The Palacio de la Exposición is a building on Colon Avenue in downtown Lima, Peru. It was constructed in the 19th century with the Parque de la Exposición (Park of the Exposition) to house the International Exposition of Lima in 1872. Since 1957, it has been home to the Lima Art Museum.

== History ==
The building was constructed in unison with the Park of the Exposition and was ordered built by president Jose Balta in 1869 for the international exposition which was to take place in Lima in celebration for fifty years of Peruvian independence. The construction of the building took place between 1870 and 1871. The building is of a neo-Renaissance style and was designed by the Italian architect Antonio Leonardi.

Its design was considered a pioneer of its time in South America as it was one of the few buildings constructed of steel.

The palace and the park were both inaugurated in July 1872, and the exposition took place soon afterwards.

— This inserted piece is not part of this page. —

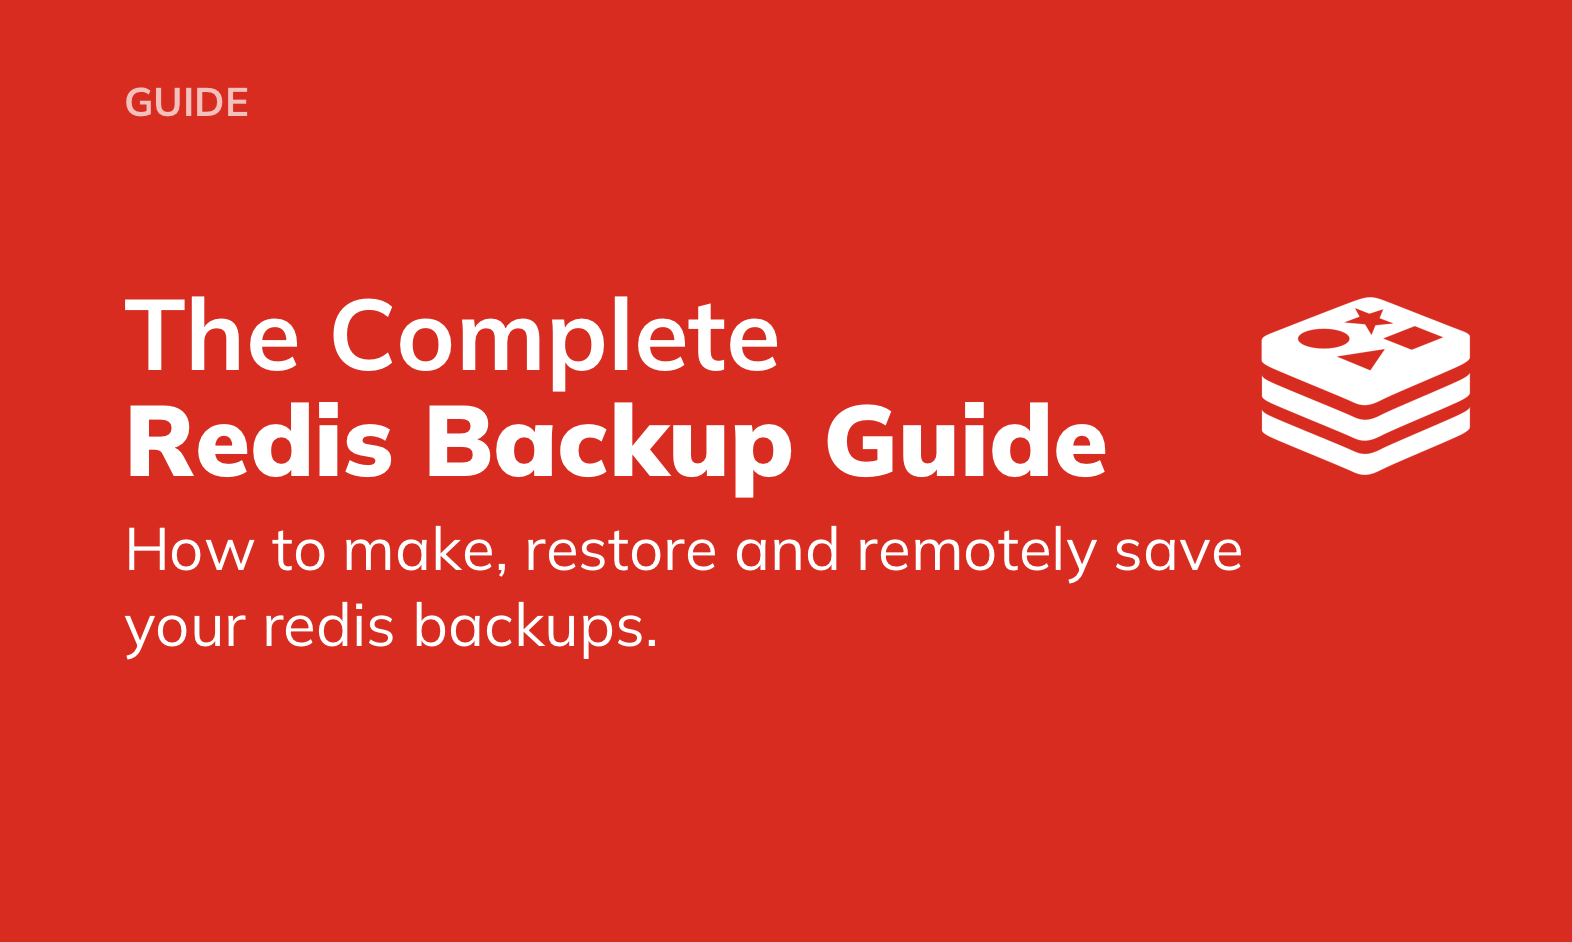 The Complete Redis Backup Guide (with examples)

After the exposition, the palace was home to the Society of Fine Arts. During the War of the Pacific the building was looted. After the looting it was used as a hospital and later a garrison for the Chilean army.

In 1889, the Peruvian government ceded the building to the Municipality of Lima. In 1905, the building became home to the National Museum of History and the Ministry of Public Works. Later, throughout different time periods, it was used by the Chamber of Deputies, the Direction of Traffic, the Ministry of Agriculture, and the Municipality of Lima.

==Art Museum of Lima==
In 1954, the Municipality of Lima ceded the building to the Patrons of the Arts civil association for refactioning and remodeling to convert it into an art museum. The Lima Art Museum (Museo de Arte de Lima) opened in 1957 while its official inauguration took place in 1961.